LOS ANGELES (CBSLA.com) — A national group of faculty leaders is challenging the notion that online learning is a more cost-effective path to a college education.

KNX 1070’s Ron Kilgore reports researchers are gaining a better understanding of the costs of providing higher education online – and the price students pay for it.

The second report in a three-part series from the Campaign for the Future of Higher Education found the price of a diploma at for-profit and public institutions were often higher than tuition and fees for courses taken at brick-and-mortar locations, despite assumptions that technology would reduce costs.
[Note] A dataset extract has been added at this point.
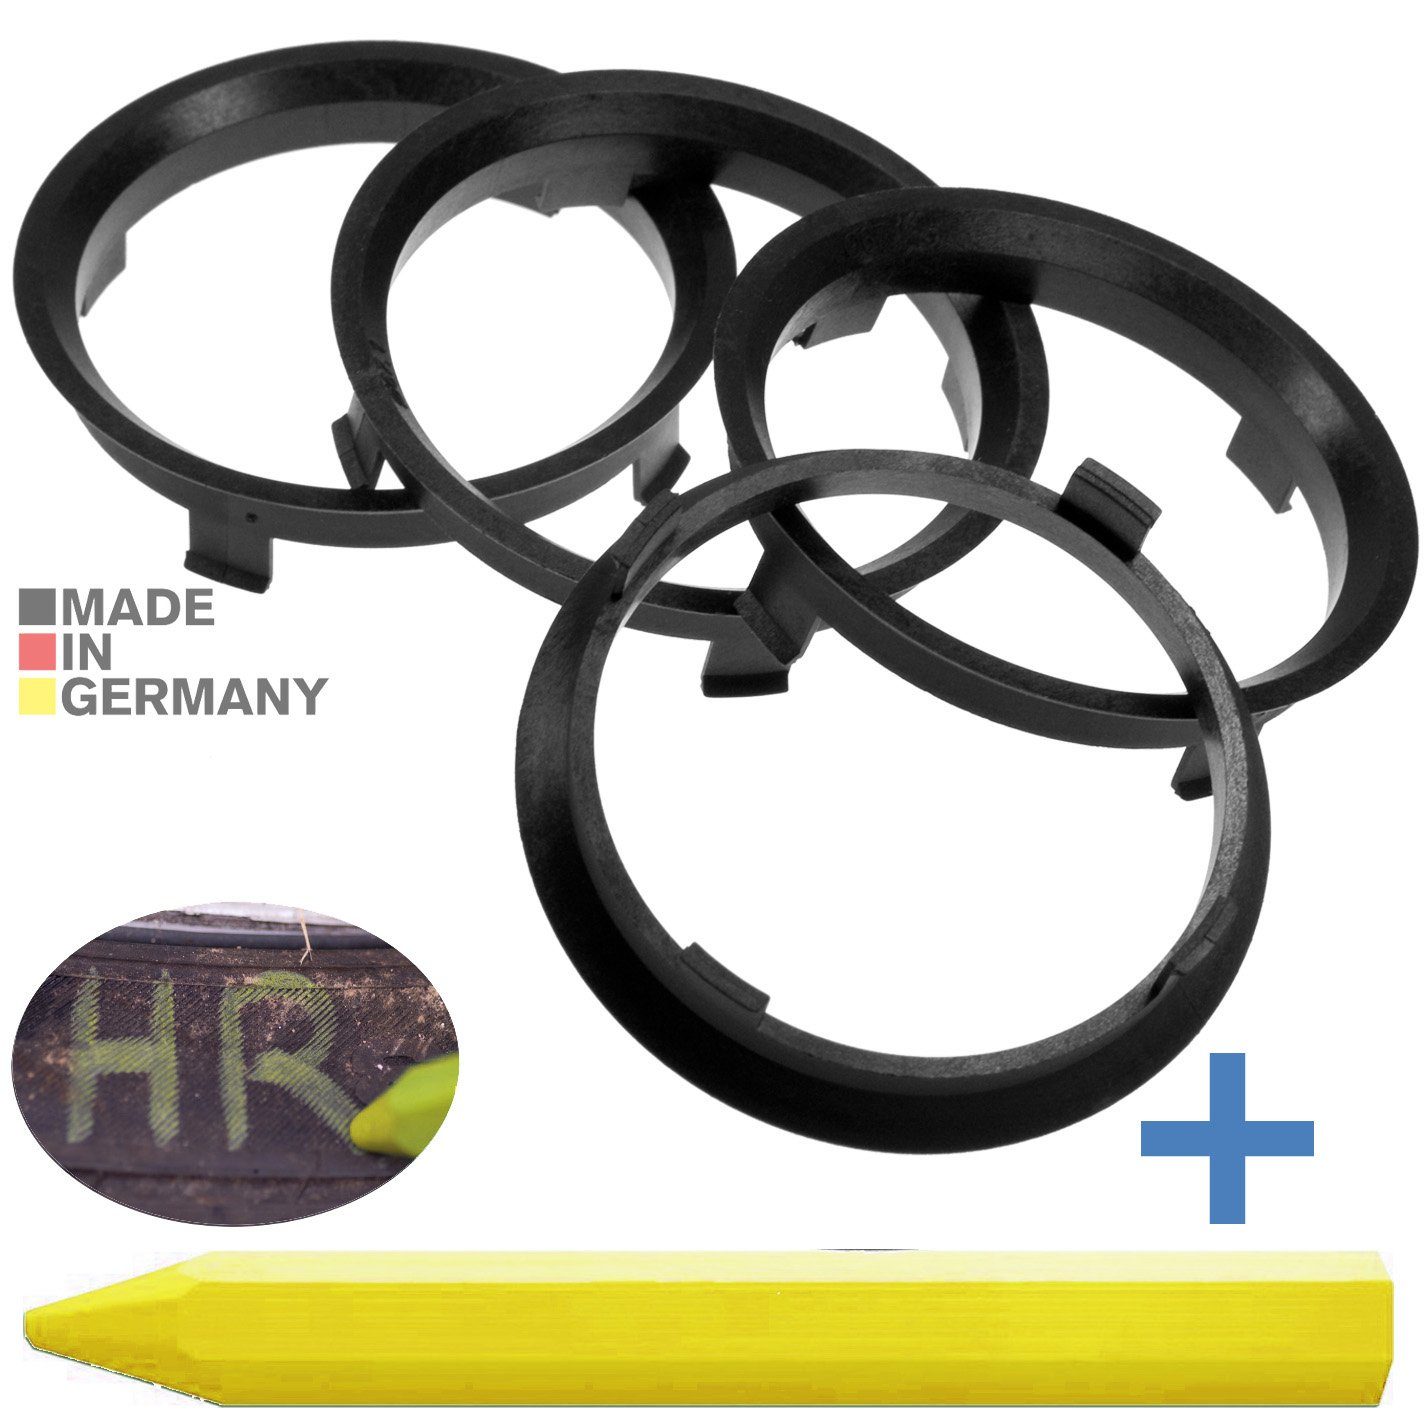 RKC Reifenstift 4X Zentrierringe Schwarz Felgen Ringe + 1x Reifen Kreide Fett Stift, Maße: 71,6 x 67,1 mm
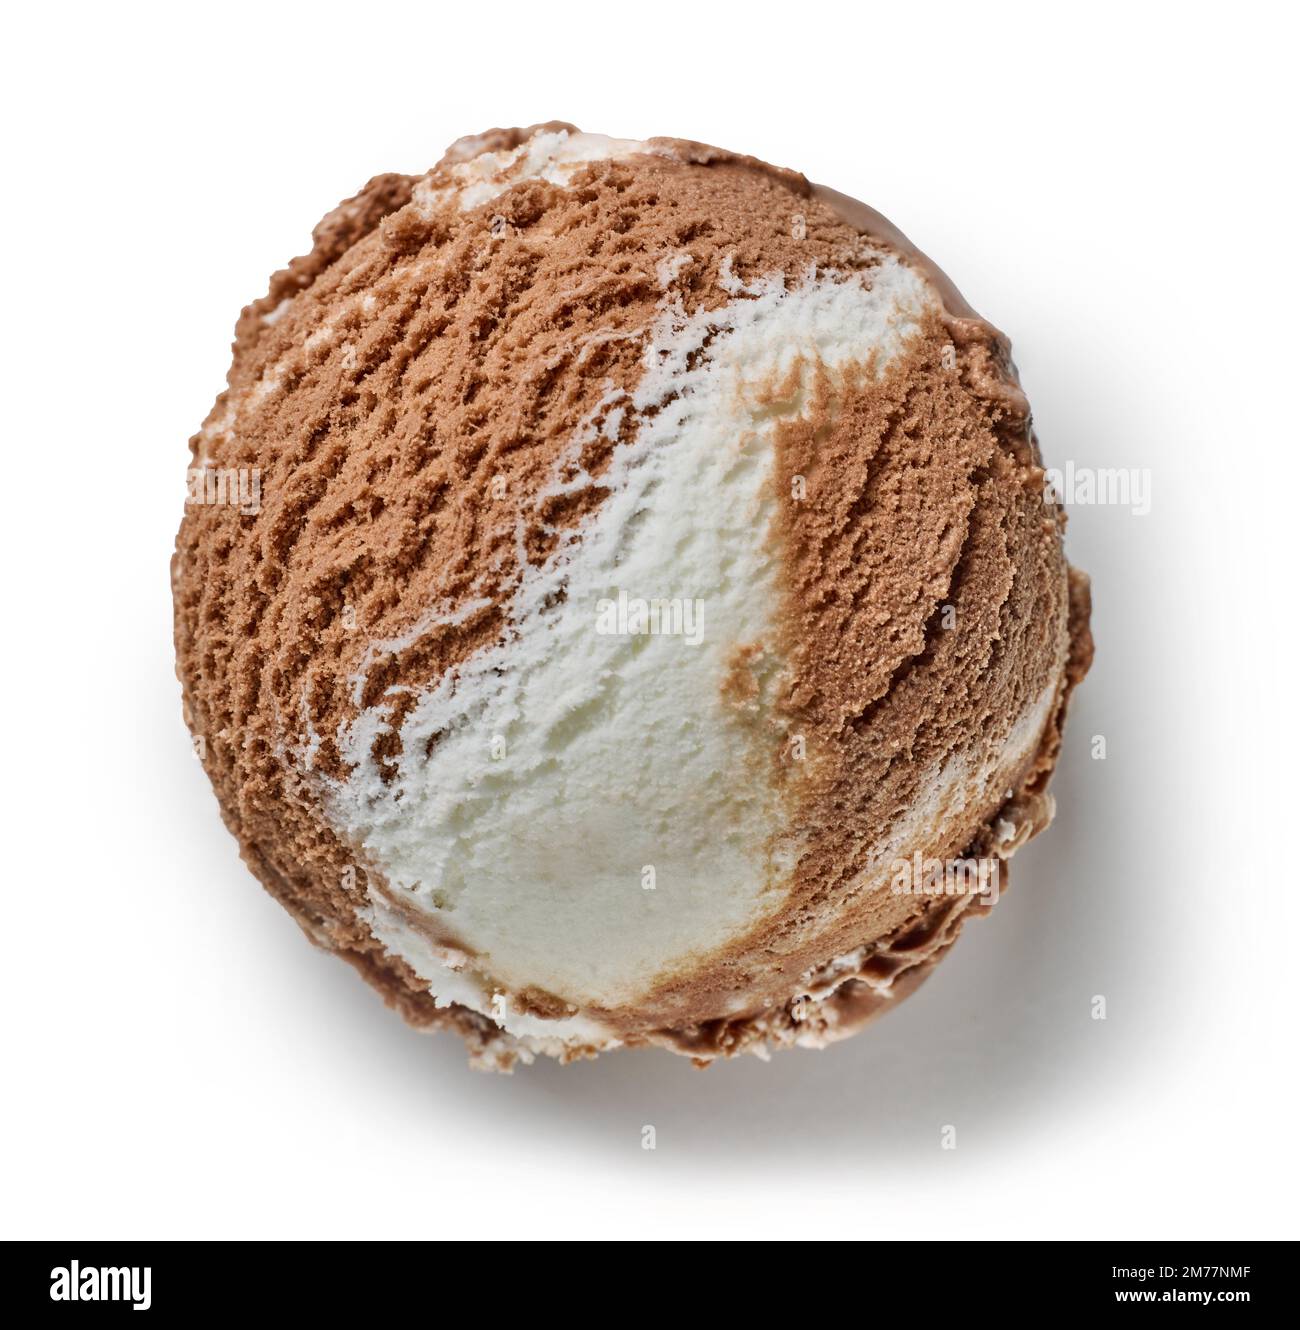 https://c8.alamy.com/comp/2M77NMF/chocolate-and-vanilla-ice-cream-ball-isolated-on-white-background-top-view-2M77NMF.jpg

One example cited in the working paper found that while four years of full-time enrollment in a Business Administration program in the California State University system will cost $21,888 in 2013-14, that same degree will cost over twice as much – nearly $48,000 – when taken at the Fullerton campus through CalState Online, the CSU online system.

While “Massive Open Online Courses”, or MOOCs, have been billed as the wave of the future and are open to anyone who wishes to enroll, the business model is still considered a work in progress, according to the study.

“MOOCs are free now just as many educational TV shows and books from the public library are free; if you just want an “educational experience, you can watch a documentary, read a book, or take a MOOC,” the paper states.

However, if a student seeks a degree or a certificate, they will be charged for “certificates of completion,” and possibly other “premium services.”

California Faculty Association President Lillian Taiz says the promise of cheaper education hasn’t proven true.

“It’ll be cheap, it’ll put a lot of people in a classroom and you’ll be able to do it for a buck a student,” Taiz said. “The point here is to turn out students that are able to handle new issues and new challenges at their jobs…that’s really what an education is about.”

The report also projected that even MOOCs offered by prestigious institutions will be unable to steal the “educational prestige and competitive employment edge” from traditional universities.